Bronchopulmonary Dysplasia: A lung disease sometimes found in babies who have needed a ventilator and extra oxygen after birth. This is also called BPD. Most babies with BPD are small, born early, and have respiratory distress syndrome (RDS).
Calcium: An important body salt. It is needed for muscle function and forming bones.
Carbon Dioxide: A waste gas made in our bodies. The lungs must get rid of it. Babies with BPD may have trouble getting rid of it and have higher levels in their bodies. Carbon dioxide is sometimes referred to by the letters CO2.
Chest Wall: The ribs, breastbone, spine and the attached muscles.
Chronic: Long lasting; frequently recurring.
Cilia: Tiny hair-like structures on cells lining the respiratory tract. They help move mucus out of the lungs.
Continuous Positive Airway Pressure : A steady pressure given through an endotracheal tube, or nasal prongs. It helps keep the lungs expanded. This is also called “CPAP” pronounced c-pap.
Cyanosis: The blue color of the skin, seen in babies with very low oxygen levels in the blood.
Diaphragm: A wall of muscles and tendons between the lungs and the organs in the abdomen (belly). The diaphragm is the main muscle of breathing.
Diuretics: Medicines to help the body get rid of extra water and salt. These are sometimes called water pills.
Electrolytes: Salts in the body including sodium, potassium, calcium, magnesium, chloride, and phosphate.
Endotracheal Tube: A pliable, plastic tube passed through the mouth or nose, through the throat and into the windpipe. Breaths from a ventilator are given through this.
Esophagus: The swallowing tube. It carries food from the mouth to the stomach.
Gastroesophageal Reflux: When the contents of the stomach back up into the esophagus.
Grunting: A grunt is heard when the baby begins to breathe in or exhale. It is heard in sick babies, and is a sign of breathing trouble.
Nasal Flaring: The nostrils widen when a baby breathes in. A sign of breathing distress.
Oxygen: A gas with no color or odor that makes up 21% or about one fifth of normal air. We all need this to survive. Babies with BPD often need extra oxygen. Oxygen is written as O2.
Potassium: A vital body salt. It is needed for proper muscle functions and heart rhythm.

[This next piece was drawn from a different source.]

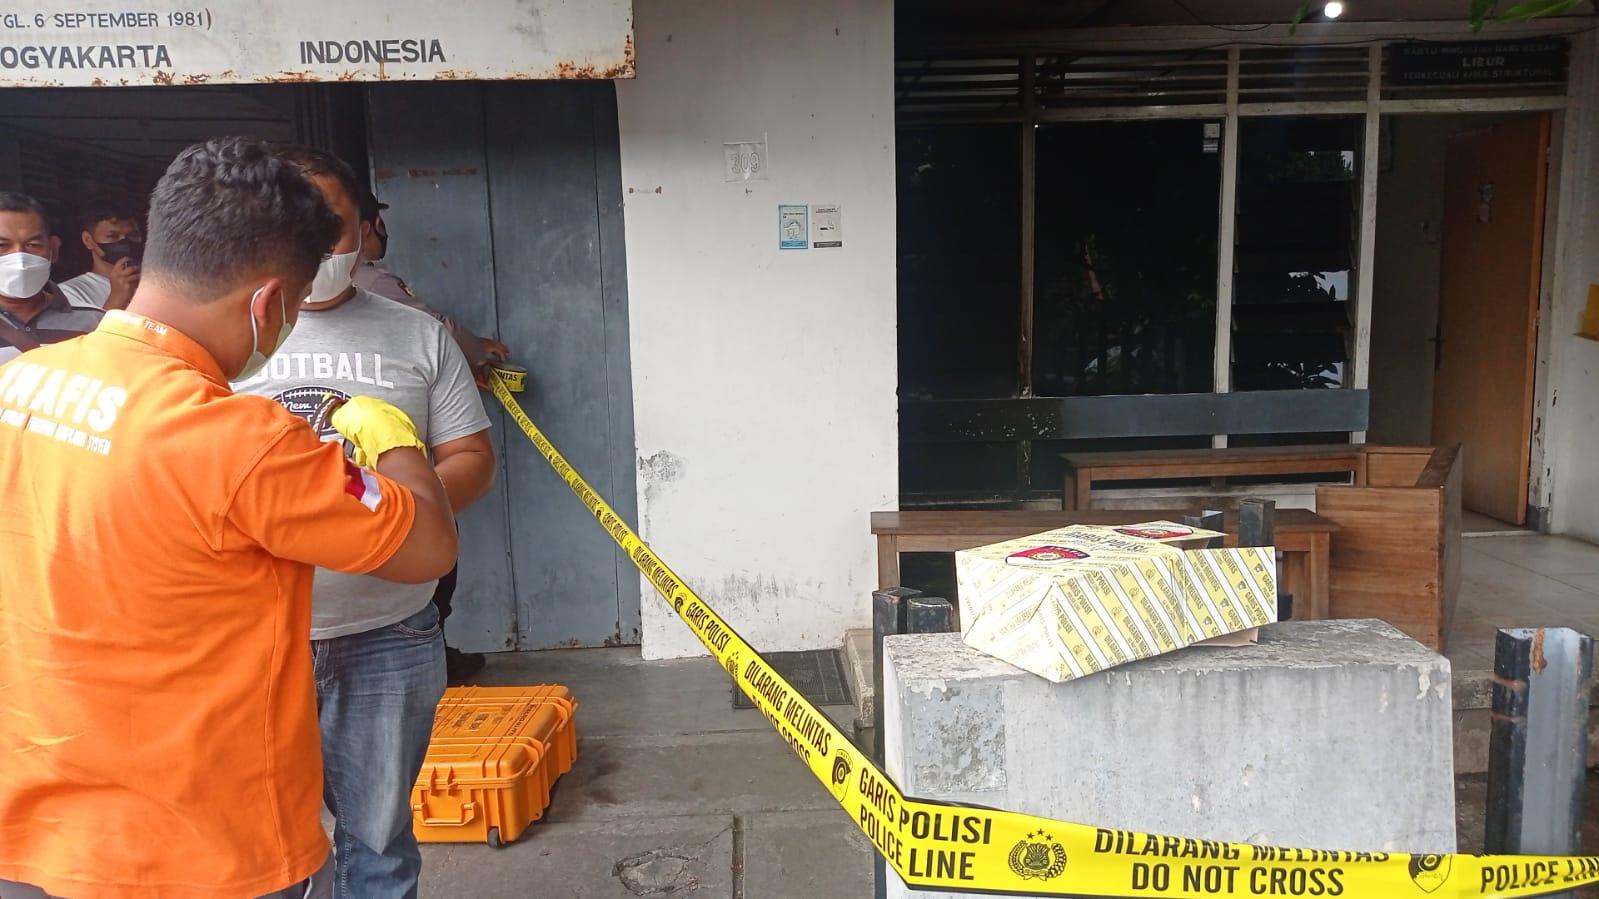 Teror Bom Molotov Diduga Terkait Kasus yang Ditangani LBH Yogyakarta

Pulmonary: Refers to the lungs.
Respiratory: Refers to breathing.
Respiratory Distress Syndrome: A lung disease seen in some infants born early. These babies need help breathing. A ventilator and extra oxygen are often part of the treatment. This is called RDS for short.
Retractions: Pulling in between the ribs or at the top or bottom of the breastbone seen when a baby is breathing hard. This is a sign of breathing distress.
Sodium: An important body salt. Table salt is sodium chloride.
Surfactant: A fatty, soapy substance made in the lungs. It helps the air sacs in the lung stay blown up like small balloons. Babies without enough of this have respiratory distress syndrome (RDS).
Tachypnea: Fast breathing.
Trachea: The windpipe. The trachea is the largest of the bronchi.
Ventilator: A breathing machine that helps your baby by giving him breaths and extra oxygen. This is also called a respirator.
Wheezing: A musical, whistling sound that may be heard when a baby breathes out. This sound means your baby’s airways are tighter than they should be.